In truth, I could have just talked about the suggestions I have already made. However, since I am the host this month, I am using more imagination.

Before I go any further and to avoid any confusion, I would also like to point out this post is written in British-English.

Automatic index management levels

Of course, aware some of you will be wondering what I mean by auto indexing levels.

Well currently the auto indexing feature only creates certain types of additional indexes. For example, an additional non-clustered index with included columns.

What I would like to finally see is a feature where you can set this at various levels for how aggressive it is. For instance, how it is now at level 1.

Afterwards, if I wanted it to go as far as to test introducing filtered indexes or converting set it to level 2.

In addition, be able to select another level for SQL Server to look to convert traditional rowstore indexes to columnstore indexes. Because of the extra analysis and risk involved this would be level 3.

I think this would save people a lot of time because would save everybody having to identify these indexes that should be converted.

Of course, I realise this would be risky for performance reasons as well. Which is why I suggest it’s an extra level that is set with the risks being understood.

Ideally, I want to see this both on premises and in Azure SQL Databases.

To be honest, I would not be suprised if Microsoft did not already have this in mind. So, I have decided not to add it as a suggestion on the SQL Server site.

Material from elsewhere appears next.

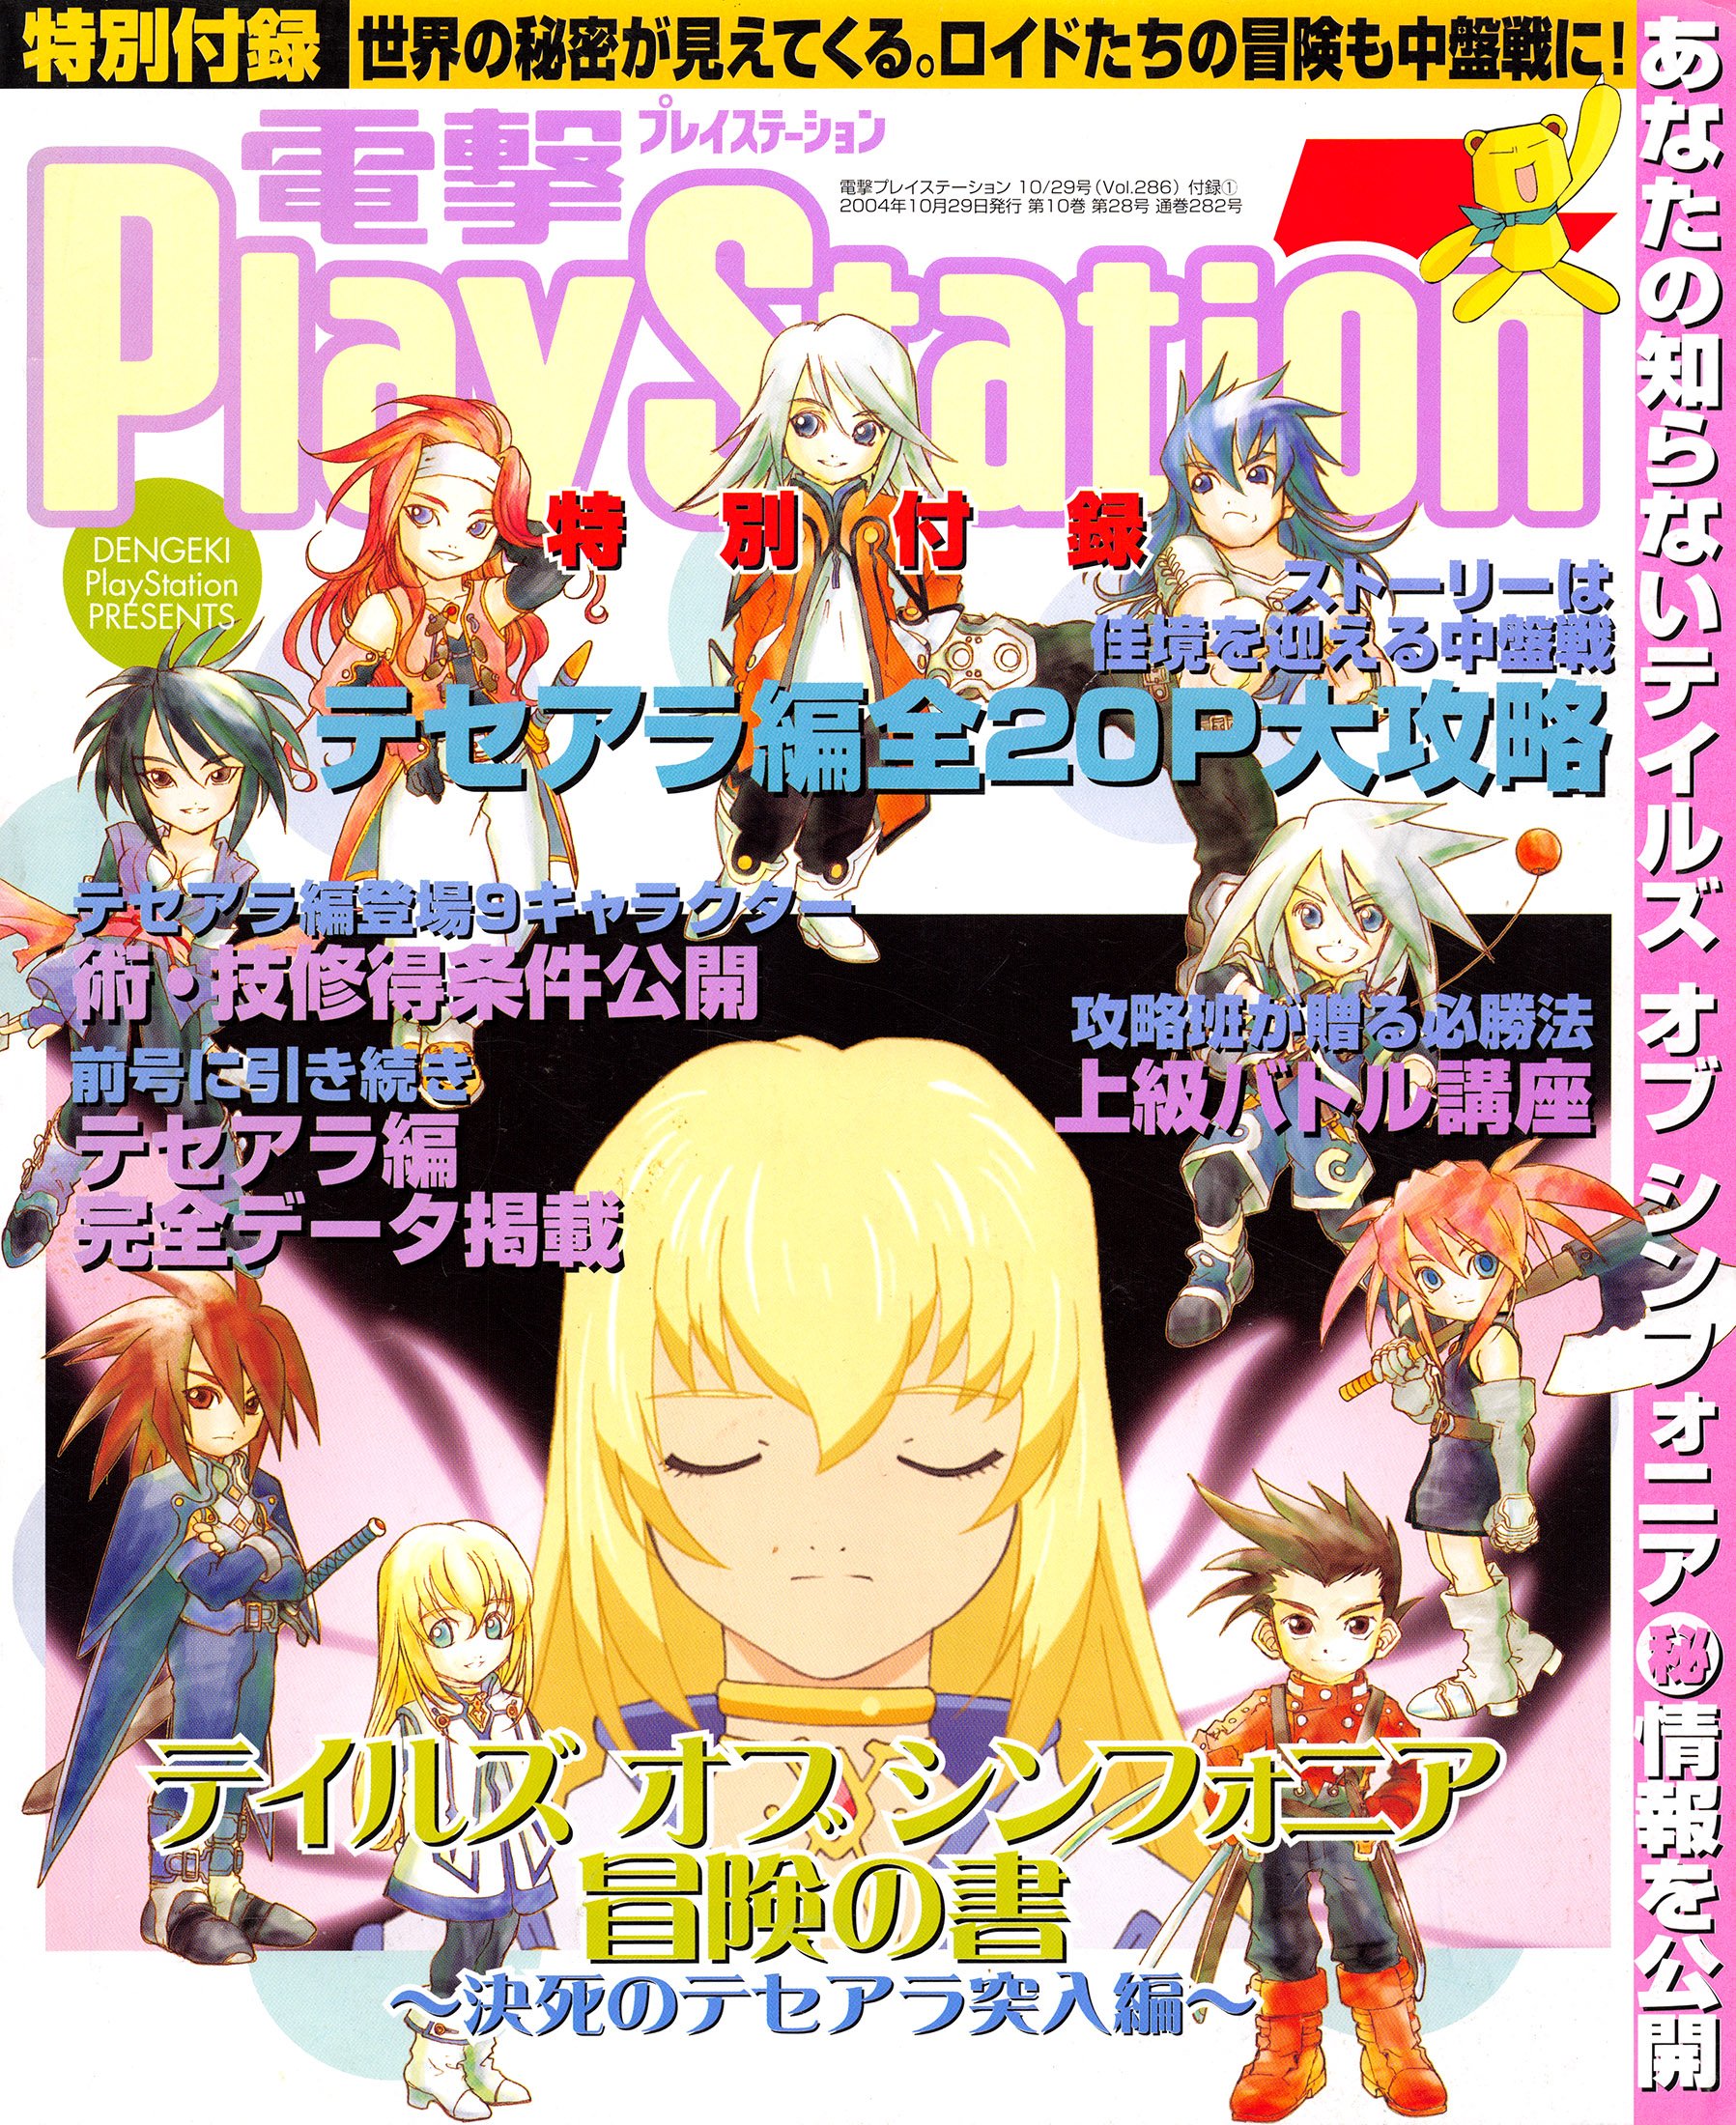 Dengeki PlayStation Presents: Tales of Symphonia - Bouken no Sho (vol.286 supplement) (October 29, 2004)

Another reason is because there is a level of risk involved if you were to use this. Though, there can be just as much risk involved letting somebody else do it manually.

Of course, if this gives you any ideas feel free to make a suggestion on the official SQL Server suggestion site here.

Final T-SQL Tuesday word

Now I do hope you have enjoyed my T-SQL Tuesday contribution about auto indexing levels.

In addition, I look forward to reading everybody else’s submissions this month and writing the round-up of them all. So, keep a look out for the round-up after today.